# Almost unbelieveable!



## Remmi_&amp;_I (Dec 2, 2003)

Yesterday I was up in Minot meeting with some clients over the lunch hours and decided I'd bring my pup with for the ride. Well, on the way back Remmi was pretty antsy and it was only about 4:00 so I decided to stop off at the WMA on the east side of 83. Wearing my suit (w/o the suitcoat....too hot) I grabbed my shotgun and leaned against my hood as Remmi ran wild for a few minutes. All of a sudden she locks up! Now, I truly didn't expect her to point a bird so I didn't know what to do. I decided to briskly walk out to her w/o wrecking my clothes and low-and-behold the bird held under a fallen branch. She flushed it and I shot it.

A couple cars saw me as I walked back to my car holding a shotgun and a rooster............in my dress clothes! I'm not stereotyping here, but I could hear the banjos strumming in the background!


----------



## drjongy (Oct 13, 2003)

That is too funny--to bad you couldn't have gotten a picture.

I can see it now....your tie blowing in the wind and you're wearing dress shoes with fancy izod socks. Even being from here I would have gotten a good laugh seeing you walking back.
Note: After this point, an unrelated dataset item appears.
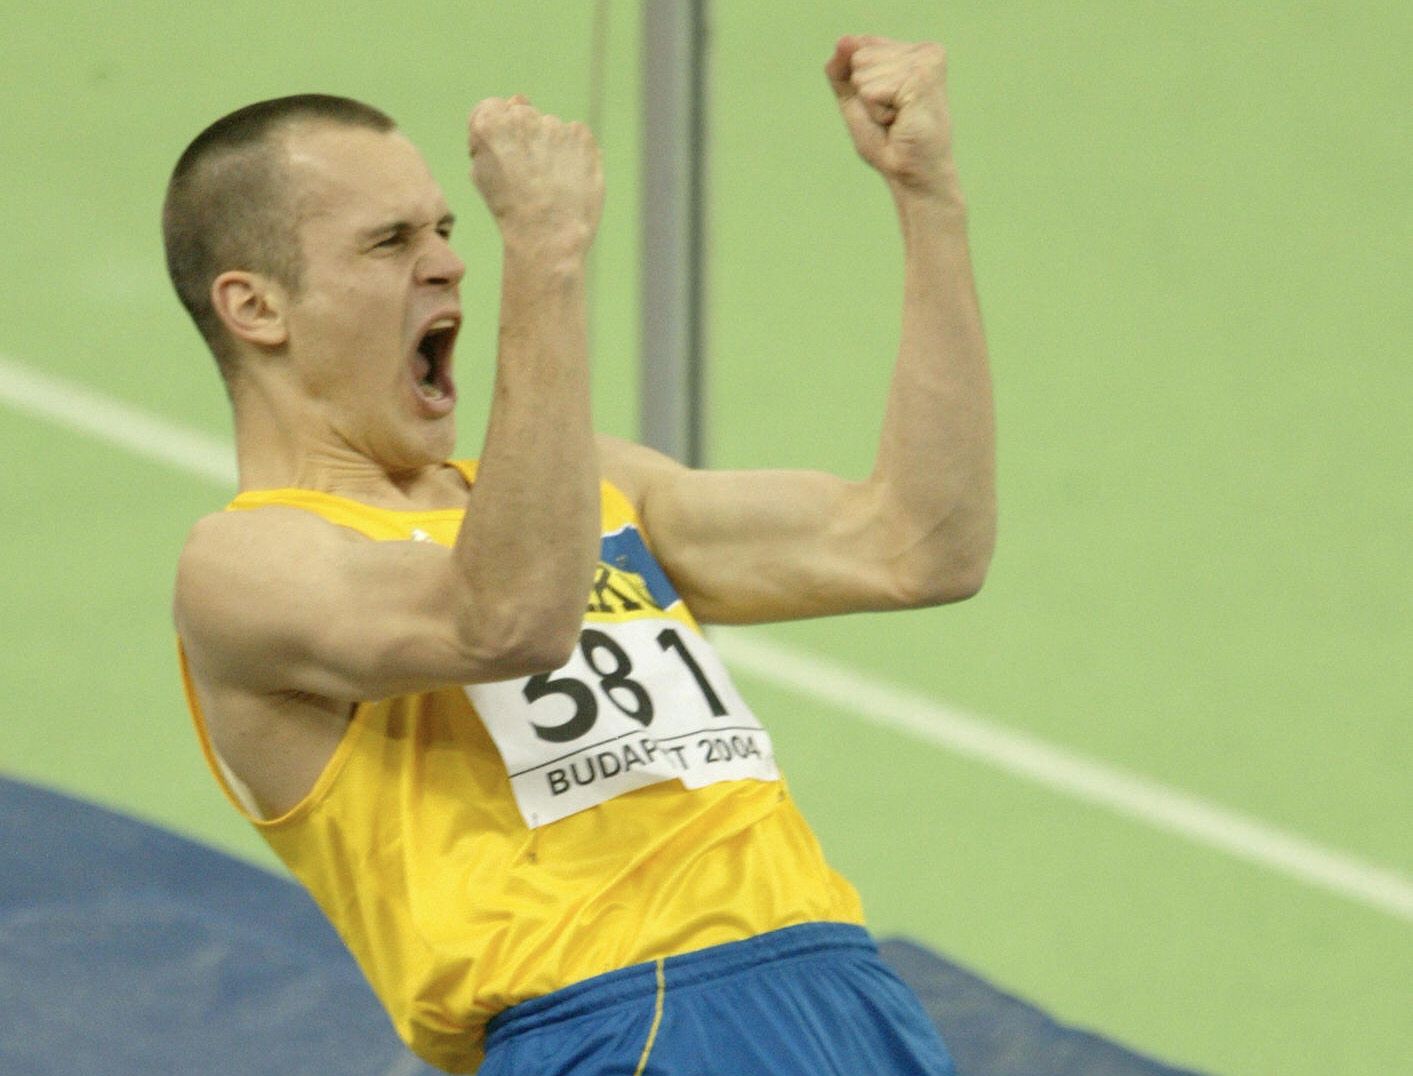 Stefan Holm reacts to his success at the 2004 World Indoor Championships in Budapest

I did a similar thing this fall when I was in Jamestown for a golf tournament, out there in my shorts and golf attire looking for doves.


----------



## dblkluk (Oct 3, 2002)

This spring I snuck away over lunch, looking for some snows. I found a feed that offered a good pass shoot so luckily I had my bibs and coat but no boots, I decided to go anyway. I shot a few birds and on the way to my truck a landowner stopped and asked how things went. He looked a little puzzled, then asked if I always wore a tie and dress shoes out hunting. We both got a pretty good laugh out of it! 
I think its classified as an addiction, when you sneak away from work for a few minutes and hunt in a tie and loafers!! Just make sure you wash you hands before returning to work, otherwise co-workers start to act funny!!


----------



## jamartinmg2 (Oct 7, 2004)

Great stories guys! About the closest I come to a story like that is TO watch the honkers in the pond outside my office building and daydream of being able to hunt them!


----------



## DJRooster (Nov 4, 2002)

Visualize a group of hunters in their tuxedoes posing for pictures with their birds or bucks! Priceless!


----------



## jamartinmg2 (Oct 7, 2004)

Hey Remmi..... on your trip to Minot, did you notice that the crops are finally getting harvested? I'm going to be out in Bismarck for T-giving. Plan on going out to blast a rooster or three, so am hoping those sunflowers are finally down. Thanks.

John


----------



## Remmi_&amp;_I (Dec 2, 2003)

They are harvesting a lot of the sunflowers and some of the corn. You should been in luck. It may be hard to contact landowners because they are working their butts off right now with the nice weather. I talked to one that is still putting in 12-14 hour WORK days getting ready for next year. He said the fertilizer is cheaper now and he is trying to get as much of his land ready as possible!


----------